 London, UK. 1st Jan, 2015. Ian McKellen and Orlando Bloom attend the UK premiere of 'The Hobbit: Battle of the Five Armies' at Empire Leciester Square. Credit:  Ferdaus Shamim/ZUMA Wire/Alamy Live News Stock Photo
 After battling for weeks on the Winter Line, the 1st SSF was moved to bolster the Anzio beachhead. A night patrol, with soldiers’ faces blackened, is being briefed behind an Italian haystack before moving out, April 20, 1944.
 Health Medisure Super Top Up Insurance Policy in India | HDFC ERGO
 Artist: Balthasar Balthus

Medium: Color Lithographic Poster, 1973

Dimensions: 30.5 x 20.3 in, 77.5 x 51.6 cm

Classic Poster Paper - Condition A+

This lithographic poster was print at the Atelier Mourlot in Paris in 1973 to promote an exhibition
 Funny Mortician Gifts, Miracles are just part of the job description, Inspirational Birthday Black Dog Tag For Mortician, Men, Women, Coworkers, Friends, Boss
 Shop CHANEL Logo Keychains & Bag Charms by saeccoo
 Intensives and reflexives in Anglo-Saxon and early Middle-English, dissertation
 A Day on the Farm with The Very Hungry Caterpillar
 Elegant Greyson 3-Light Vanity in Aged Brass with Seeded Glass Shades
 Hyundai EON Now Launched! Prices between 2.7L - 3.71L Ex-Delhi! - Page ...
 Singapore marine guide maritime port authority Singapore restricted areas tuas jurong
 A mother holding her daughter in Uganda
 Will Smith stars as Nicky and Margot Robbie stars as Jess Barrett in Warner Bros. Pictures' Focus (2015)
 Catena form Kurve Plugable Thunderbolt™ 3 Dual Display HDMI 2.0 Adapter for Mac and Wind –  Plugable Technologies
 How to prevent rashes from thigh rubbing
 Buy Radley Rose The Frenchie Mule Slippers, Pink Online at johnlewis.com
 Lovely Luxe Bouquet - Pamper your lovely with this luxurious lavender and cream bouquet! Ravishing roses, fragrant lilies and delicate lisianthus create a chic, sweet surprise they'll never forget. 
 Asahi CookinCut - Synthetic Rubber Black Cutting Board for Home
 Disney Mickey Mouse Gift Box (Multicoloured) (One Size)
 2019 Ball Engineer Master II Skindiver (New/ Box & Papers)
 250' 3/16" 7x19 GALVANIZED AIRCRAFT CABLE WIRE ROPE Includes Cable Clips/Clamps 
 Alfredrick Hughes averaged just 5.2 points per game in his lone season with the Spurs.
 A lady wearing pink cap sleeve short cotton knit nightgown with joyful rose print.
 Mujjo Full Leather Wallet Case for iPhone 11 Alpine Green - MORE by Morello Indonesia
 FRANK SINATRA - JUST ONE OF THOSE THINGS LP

### TASK GOAL
Looking at the entries above, can you reproduce exactly the lines from the one that holds "Shop CHANEL Logo" through the one that holds "Includes Cable Clips/Clamps", and only those?

### ANSWER BOX
 Shop CHANEL Logo Keychains & Bag Charms by saeccoo
 Intensives and reflexives in Anglo-Saxon and early Middle-English, dissertation
 A Day on the Farm with The Very Hungry Caterpillar
 Elegant Greyson 3-Light Vanity in Aged Brass with Seeded Glass Shades
 Hyundai EON Now Launched! Prices between 2.7L - 3.71L Ex-Delhi! - Page ...
 Singapore marine guide maritime port authority Singapore restricted areas tuas jurong
 A mother holding her daughter in Uganda
 Will Smith stars as Nicky and Margot Robbie stars as Jess Barrett in Warner Bros. Pictures' Focus (2015)
 Catena form Kurve Plugable Thunderbolt™ 3 Dual Display HDMI 2.0 Adapter for Mac and Wind –  Plugable Technologies
 How to prevent rashes from thigh rubbing
 Buy Radley Rose The Frenchie Mule Slippers, Pink Online at johnlewis.com
 Lovely Luxe Bouquet - Pamper your lovely with this luxurious lavender and cream bouquet! Ravishing roses, fragrant lilies and delicate lisianthus create a chic, sweet surprise they'll never forget. 
 Asahi CookinCut - Synthetic Rubber Black Cutting Board for Home
 Disney Mickey Mouse Gift Box (Multicoloured) (One Size)
 2019 Ball Engineer Master II Skindiver (New/ Box & Papers)
 250' 3/16" 7x19 GALVANIZED AIRCRAFT CABLE WIRE ROPE Includes Cable Clips/Clamps 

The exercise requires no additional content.